The protocol presented here enables automated fabrication of micropatterns that standardizes cell shape to study cytoskeletal structures within mammalian cells. This user-friendly technique can be set up with commercially available imaging systems and does not require specialized equipment inaccessible to standard cell biology laboratories.
Micropatterning is an established technique in the cell biology community used to study connections between the morphology and function of cellular compartments while circumventing complications arising from natural cell-to-cell variations. To standardize cell shape, cells are either confined in 3D molds or controlled for adhesive geometry through adhesive islands. However, traditional micropatterning techniques based on photolithography and deep UV etching heavily depend on clean rooms or specialized equipment. Here we present an infrared laser assisted micropatterning technique (microphotopatterning) modified from Doyle et al. that can be conveniently set up with commercially available imaging systems. In this protocol, we use a Nikon A1R MP+ imaging system to generate micropatterns with micron precision through an infrared (IR) laser that ablates preset regions on poly-vinyl alcohol coated coverslips. We employ a custom script to enable automated pattern fabrication with high efficiency and accuracy in systems not equipped with a hardware autofocus. We show that this IR laser assisted micropatterning (microphotopatterning) protocol results in defined patterns to which cells attach exclusively and take on the desired shape. Furthermore, data from a large number of cells can be averaged due to the standardization of cell shape. Patterns generated with this protocol, combined with high resolution imaging and quantitative analysis, can be used for relatively high throughput screens to identify molecular players mediating the link between form and function.
Cell shape is a key determinant of fundamental biological processes such as tissue morphogenesis1, cell migration2, cell proliferation3, and gene expression4. Changes in cell shape are driven by an intricate balance between dynamic rearrangements of the cytoskeleton that deforms the plasma membrane and extrinsic factors such as external forces exerted on the cell and the geometry of cell-cell and cell-matrix adhesions5. Migrating mesenchymal cells, for instance, polymerize a dense actin network at the leading edge that pushes the plasma membrane forward and creates a wide lamellipodia6, while actomyosin contractility retracts the cell's narrow trailing edge to detach the cell from its current position7,8. Disrupting signaling events that give rise to such specialized cytoskeletal structures perturbs shape and polarity and slows cell migration9. In addition, epithelial sheet bending during gastrulation requires actomyosin-based apical constriction that causes cells and their neighbors to become wedge-shaped10. Although these studies highlight the importance of cell shape, the inherent heterogeneity in cell shape has encumbered efforts to identify mechanisms that connect morphology to function.

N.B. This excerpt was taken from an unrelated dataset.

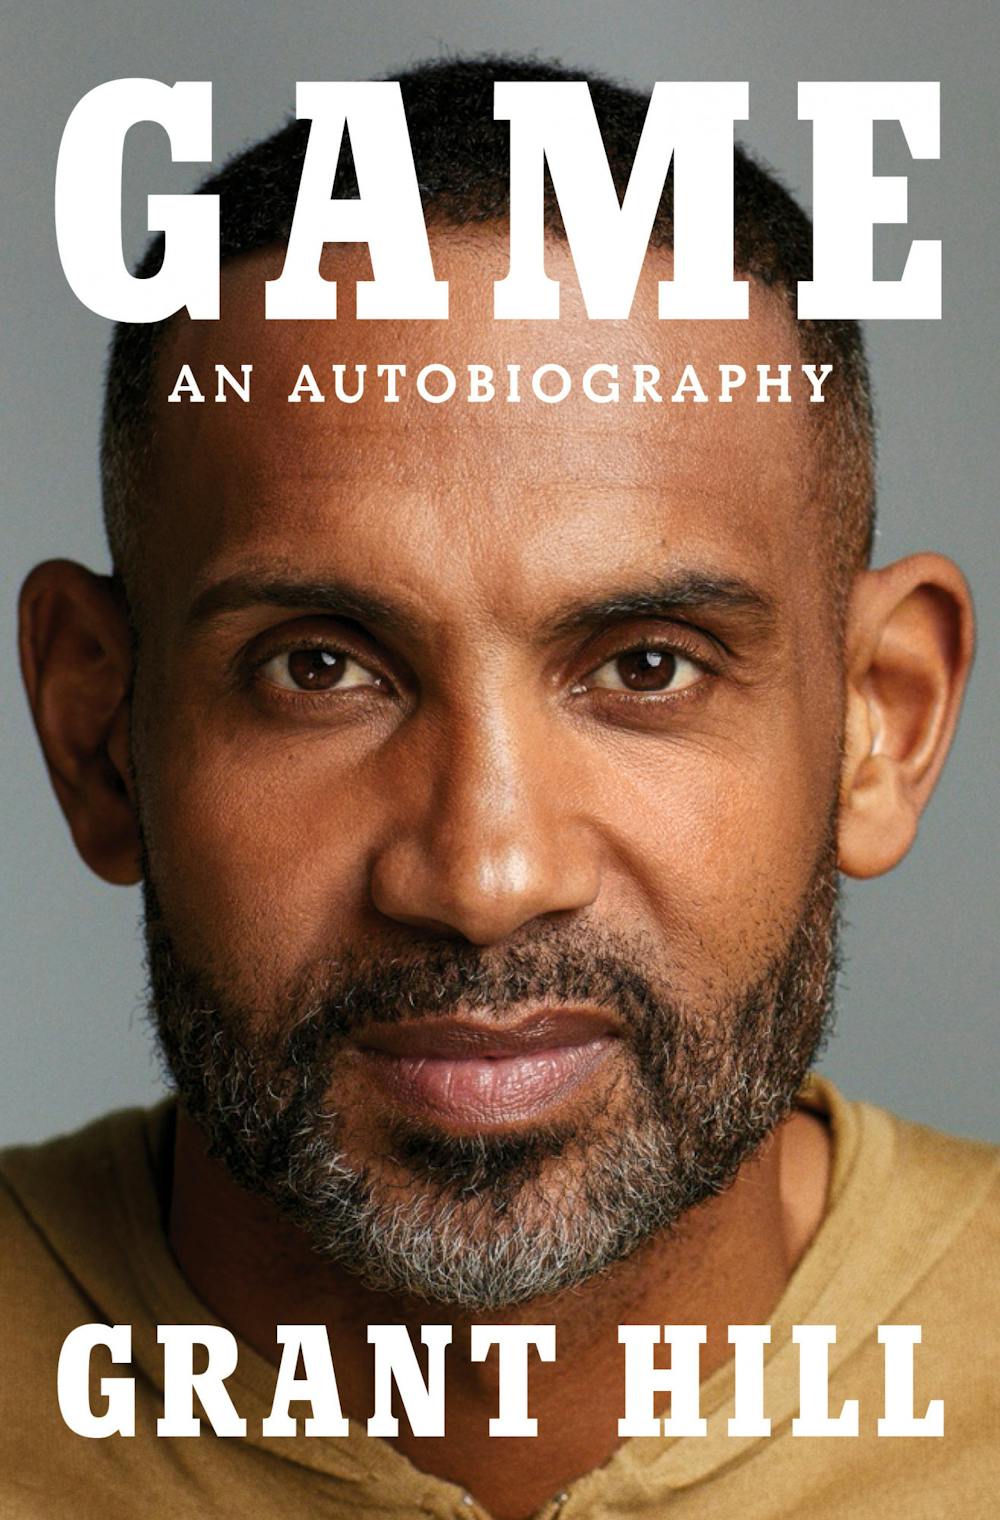 Grant Hill will speak Wednesday evening at Duke about "Game," his new autobiography.

To this end, numerous approaches to manipulate cell shape have been developed over the past three decades. These approaches achieve their goal by either constraining the cell with a three-dimensional mold or controlling cellular adhesion geometry through patterned deposition of extracellular matrix (ECM) proteins onto an antifouling surface, a technique termed micropatterning11. Here we will review a number of techniques that have gained popularity throughout the years.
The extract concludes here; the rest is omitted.